IDOLATRY: Being “rubbished” by Cowell is the whole point of American Idol. |
“But as you pin me down, my arms down on the ground/And your spit drips into my face/Deep in the back of your mind remember at some point you’ll have to fall asleep . . . ” With these lilting, weirdly gladiatorial words from Heywood Banks’s “Revenge Song,” words addressed to the judges by a pale young man got up in a style he described as “urban Amish” (broad-brimmed hat, free-growing beard), the sixth season of American Idol was inaugurated (Fox, Tuesdays at 8 pm and Wednesdays at 9 pm). Violence was in the air, and the promise of simmering humiliations. The judges looked sour: Day One of the auditions, in Minneapolis, and already they seemed staled by the process. “I don’t know what I’m doing on this show anymore,” complained legendary meanie Simon Cowell. “The fact that we’re taking this seriously . . . It’s not normal. You’re dressed as a boxer, singing opera,” he said to a man who was dressed as a boxer, singing opera.
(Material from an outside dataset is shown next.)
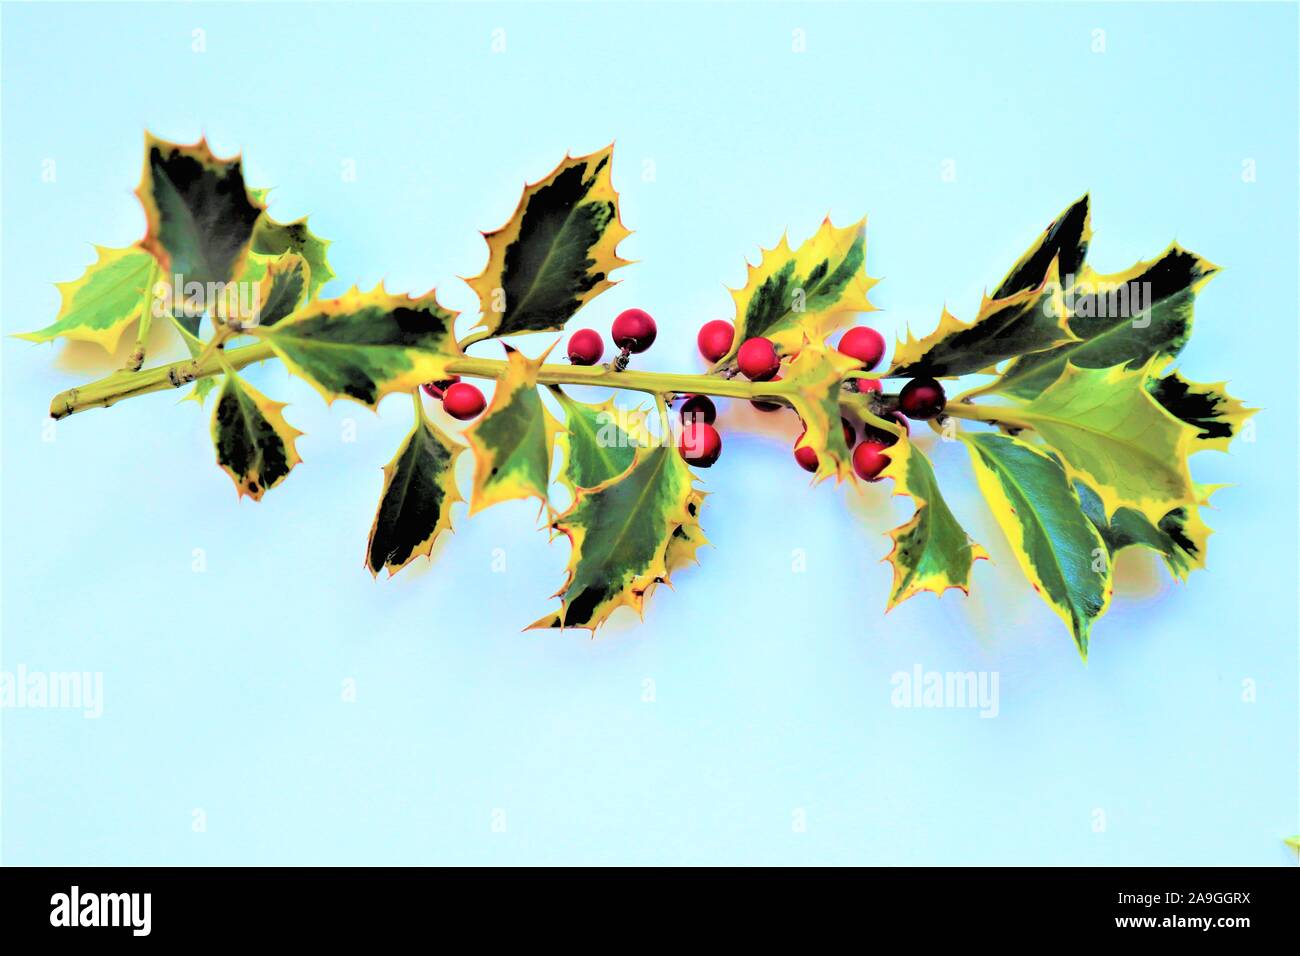 Holly - traditional Christmas plant ion white background.  Element of New Year and Xmas Holly branch with berries. Winter element for greeting cards, Stock Photo

Six seasons is a long time in reality TV. Idol’s three judges have hardened (or, in the case of Paula Abdul, disintegrated) irretrievably into their various personae, catch phrases, and favorite sweaters and all. Randy Jackson sits dense and immovable beneath his armature of good fellowship, heavy forearms on the desk, saying “What’s up, dawg?” and leaking that fatal bass chuckle when he smells someone’s doom. Cowell leans back and sucks his pen, or swivels waspishly on his chair. And Paula is multi-hued, volatile, in a permanent dither of helpless generosity. Silently she implores each contestant to be wonderful. “I think you’re very special,” she manages, eyes brimming, at the end of every performance. When Cowell goes over the line, she erupts in fragrant protest: “You’re such an asshole!”, paddling at him with dazed little hands. Her style shifts: one day she is an exotic flutter of colored silks, like a miniature heathen army, with Gypsy hoops clanking at her ears; the next it’s a coppery metallic top, nude lipstick, and gleaming pats of bronzer on her cheeks. But her love is constant; her love is sustenance and succor. At the New York auditions she went briefly AWOL, and the contestants were horrified: how to survive in there without the heat of Paula’s love?
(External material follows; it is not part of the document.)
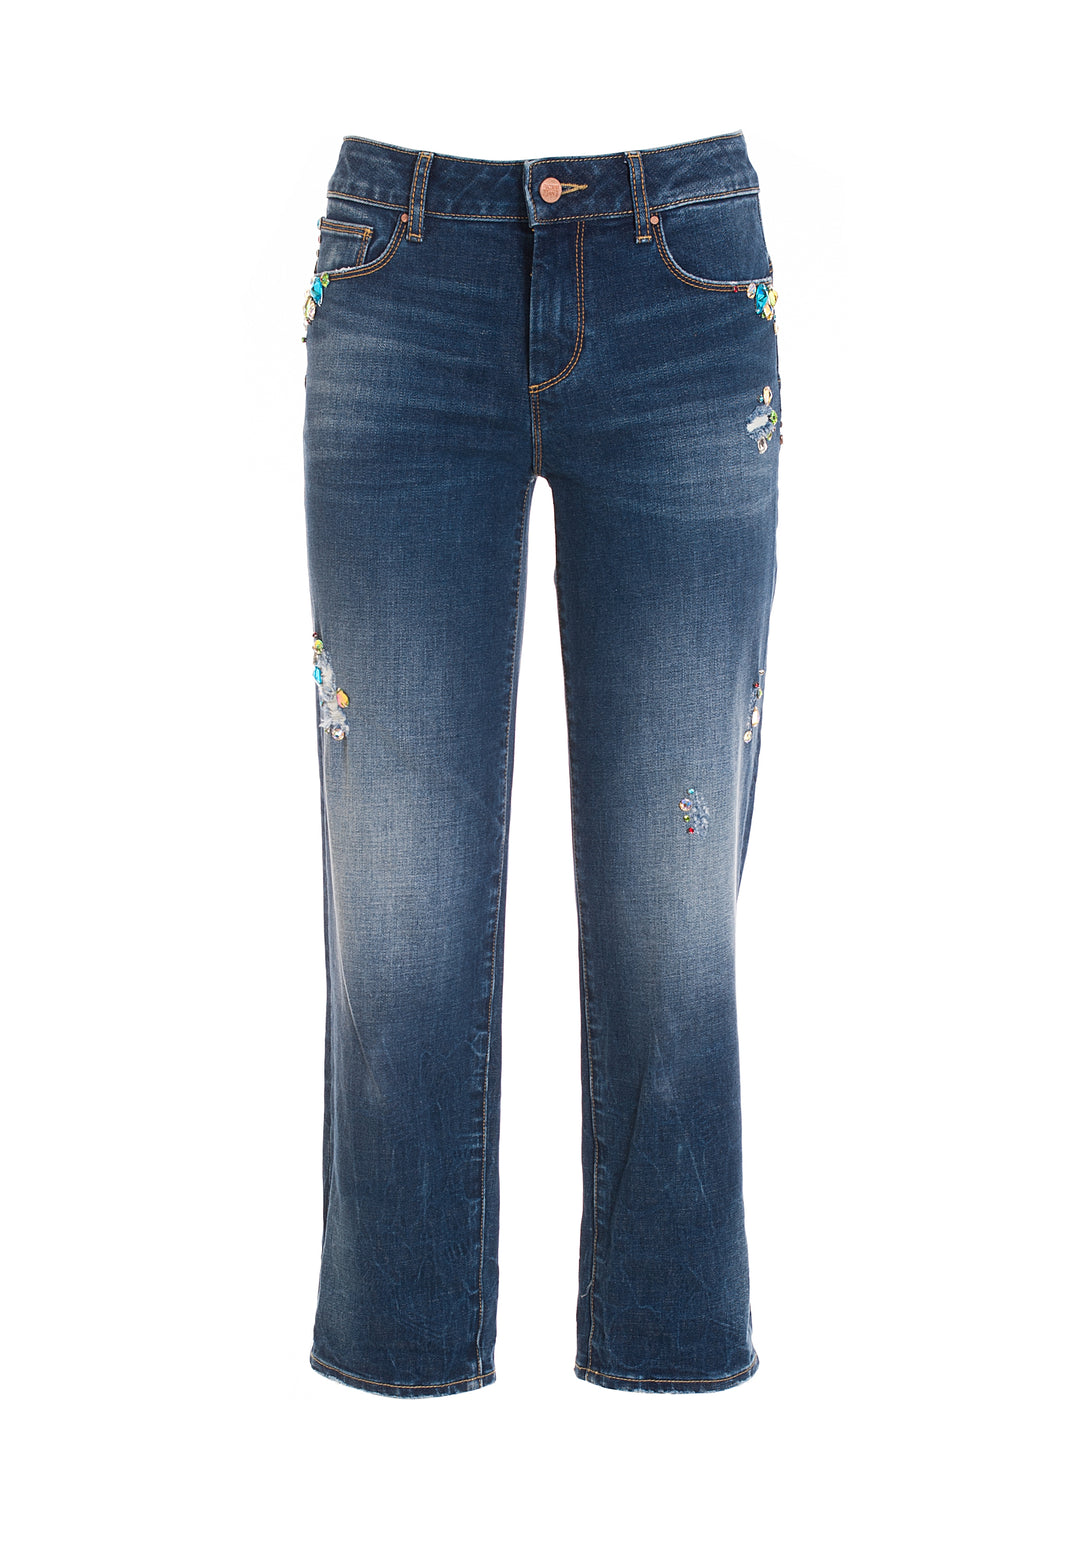 Jeans cropped with perfect shape effect made in denim with strong wash

Cowell, of course, is what they’re most afraid of, him and his cold-voiced English pejoratives. “Pointless,” “hideous,” “dreadful,” “appalling,” “ghastly,” and — the very icicle point of offensiveness — “rubbish.” To the feistier auditionees it is as if he had invented the word “rubbish,” as if it came out of some private jabberwocky of insult. “Aw, ruckush! Muffish!” retorted an angry woman in New York. High-camp avenger Ian Benardo heard it halfway through his drawled rendition of “Gloria” and threw a fit: “That’s British for garbage? Like what is that? Like rubbish? Who says that word even?” His chinchilla wrap twitched in fury. “You’re not even American and you’re in MY country and you’re going to tell ME what an American Idol is?!”
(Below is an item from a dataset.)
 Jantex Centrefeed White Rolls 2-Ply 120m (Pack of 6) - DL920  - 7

But being rubbished by Cowell is the whole point of American Idol, and the reason the show has been the biggest thing on TV for the past five years. Each successive season seems to tap into a vaster ferment of delusion, a wilder and more desperate underworld of gibbering no-talents, and it has fallen to Cowell alone to sort them out. Randy is too impermeably jovial, Paula too scattered and all-mothering; only nasty Simon can deal the death blow. “Your future involves not singing,” he promised one teenager, a spotty boy who had augmented his vocal performance by dismally hopping about with some feathered juggling sticks. The boy came roaring out of the audition room with tears and curses — “Fuck him! [bleeped, of course, by Fox] He said that I sum up Minneapolis! That it’s my fault Minneapolis has no talent!” — but even here (poor kid!) one could see the justice of it: Cowell had stung him into life, out of the drabness of his dreaming and into full-color reality.
Cowell is no respecter of the vulnerable, and as well as inducing paroxysms of piety in his show-biz peers (“The whole thing, it’s terribly sad to me,” lamented Rosie O’Donnell recently), his cruelty has spawned a secondary industry of victimhood. Special Olympian Jonathan Jayne and his equally special friend Kenneth Briggs — described by Cowell as looking “like one of those creatures that live in the jungle with those massive eyes” — got booted off Idol straight onto the couches of The View, where their hurt feelings were massaged by the ladies. Then Jimmy Kimmel sent them to the Super Bowl. The aforementioned Ian Benardo was interviewed by Larry King, as was Chris Henry, whose pure castrato voice had moved Cowell to suggest that he should be singing “in a dress and stilettos.” (Growled Larry: “Was that rude, Chris?”) Cowell is also reliably lecherous. When a shapely contestant leaves the audition room, his eyes make a quick dip asswards — the camera never fails to catch it.